__Problem statement__:
Everything below from the line with "Joselyn Sunglasses - Final Sale" through the line with "investgrunt.pl - przetargi na inwestycje" must be retyped exactly, except the pictures.

__Records provided__:

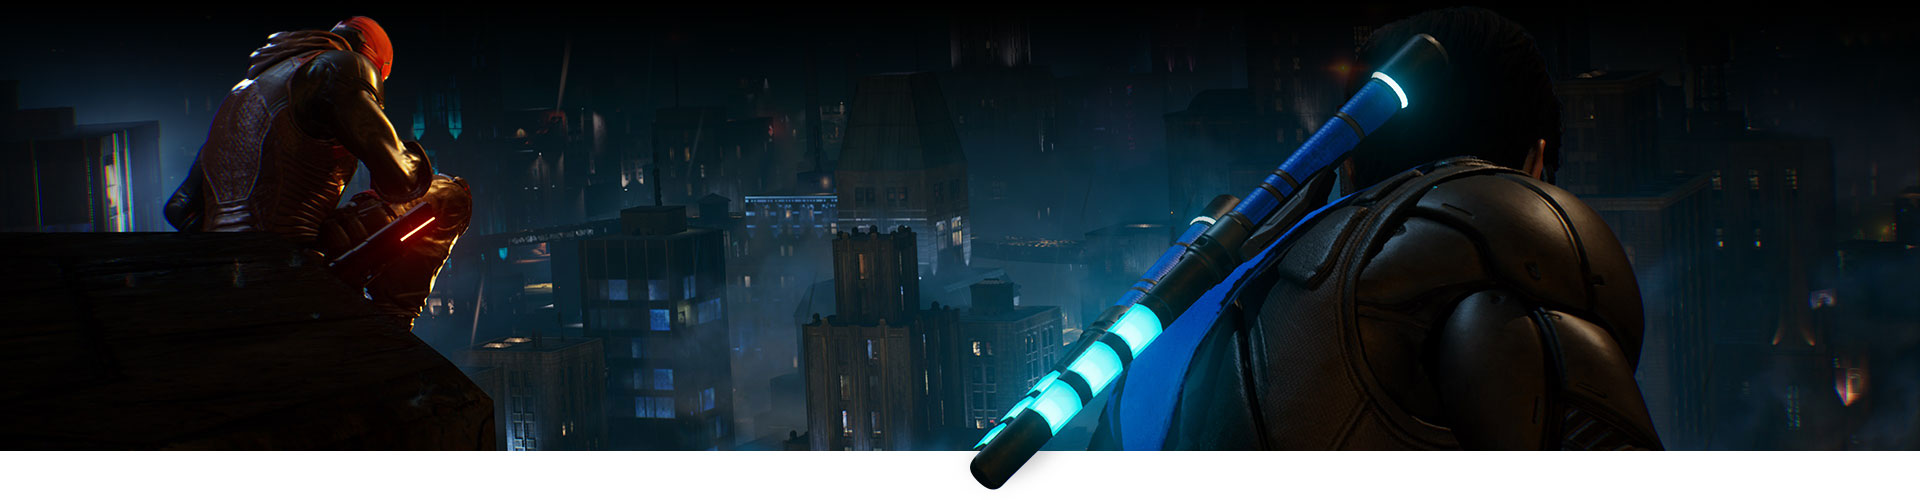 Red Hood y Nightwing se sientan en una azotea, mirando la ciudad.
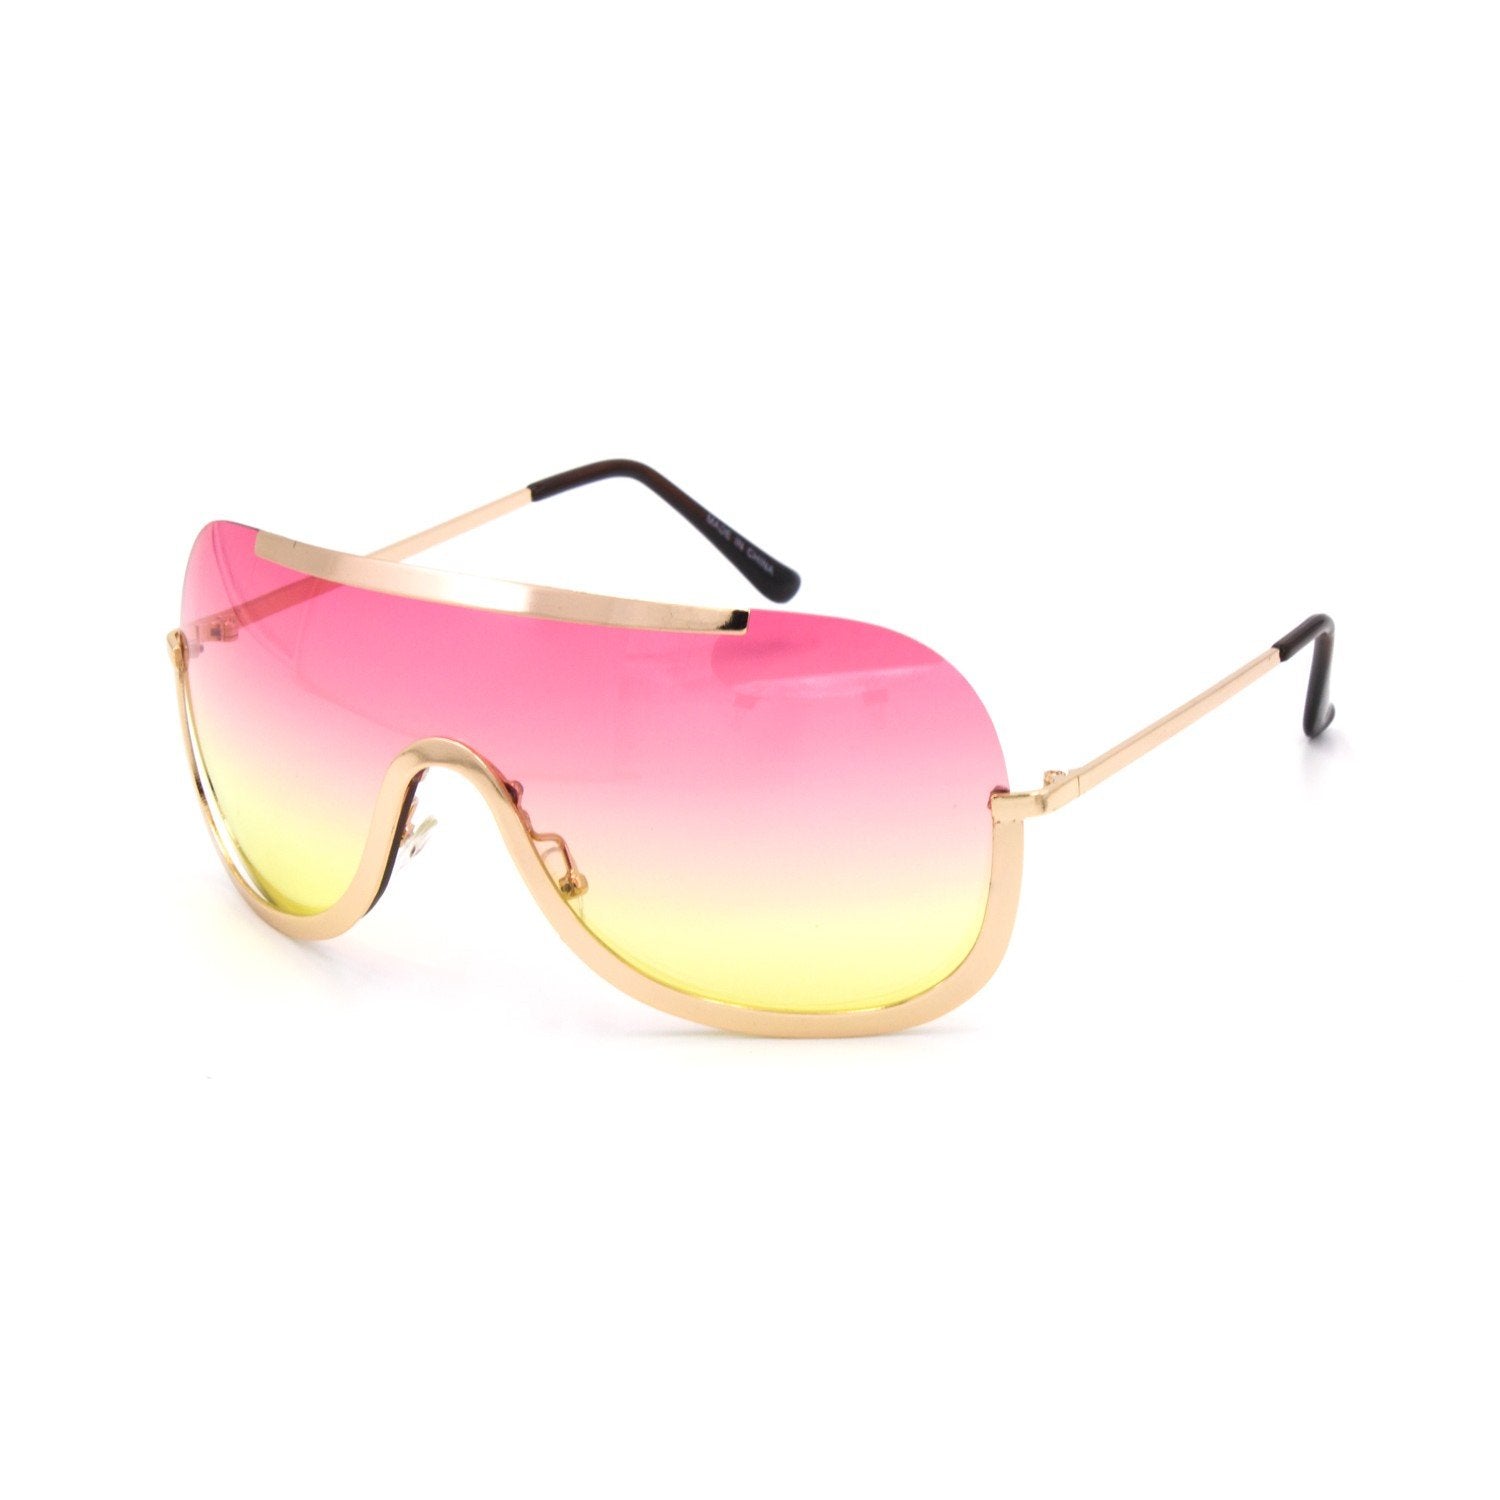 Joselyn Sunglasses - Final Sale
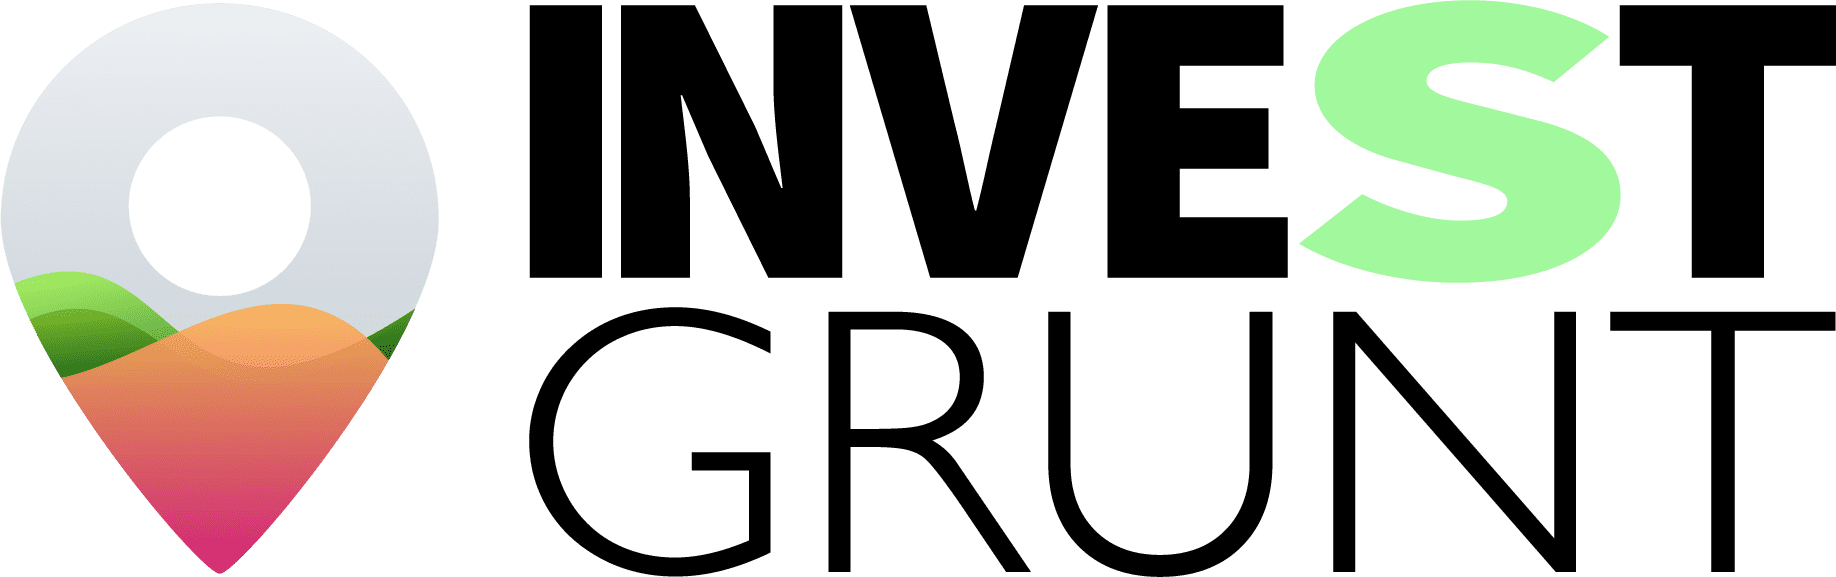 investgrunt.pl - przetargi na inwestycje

---

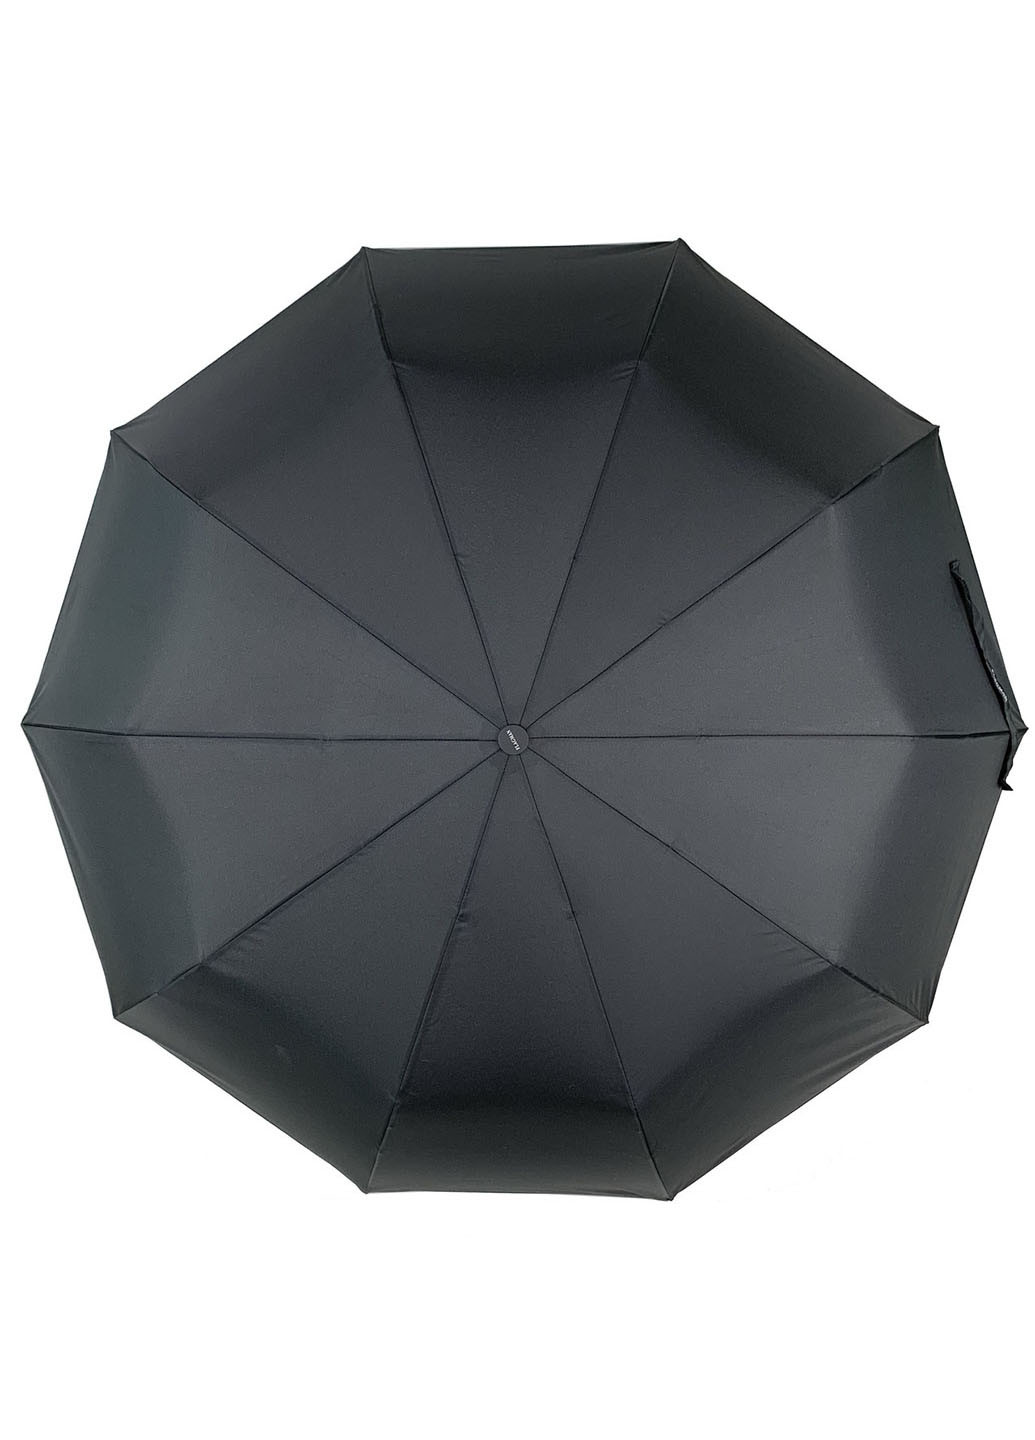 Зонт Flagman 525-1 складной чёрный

__Solution to the problem__:
 Joselyn Sunglasses - Final Sale
 investgrunt.pl - przetargi na inwestycje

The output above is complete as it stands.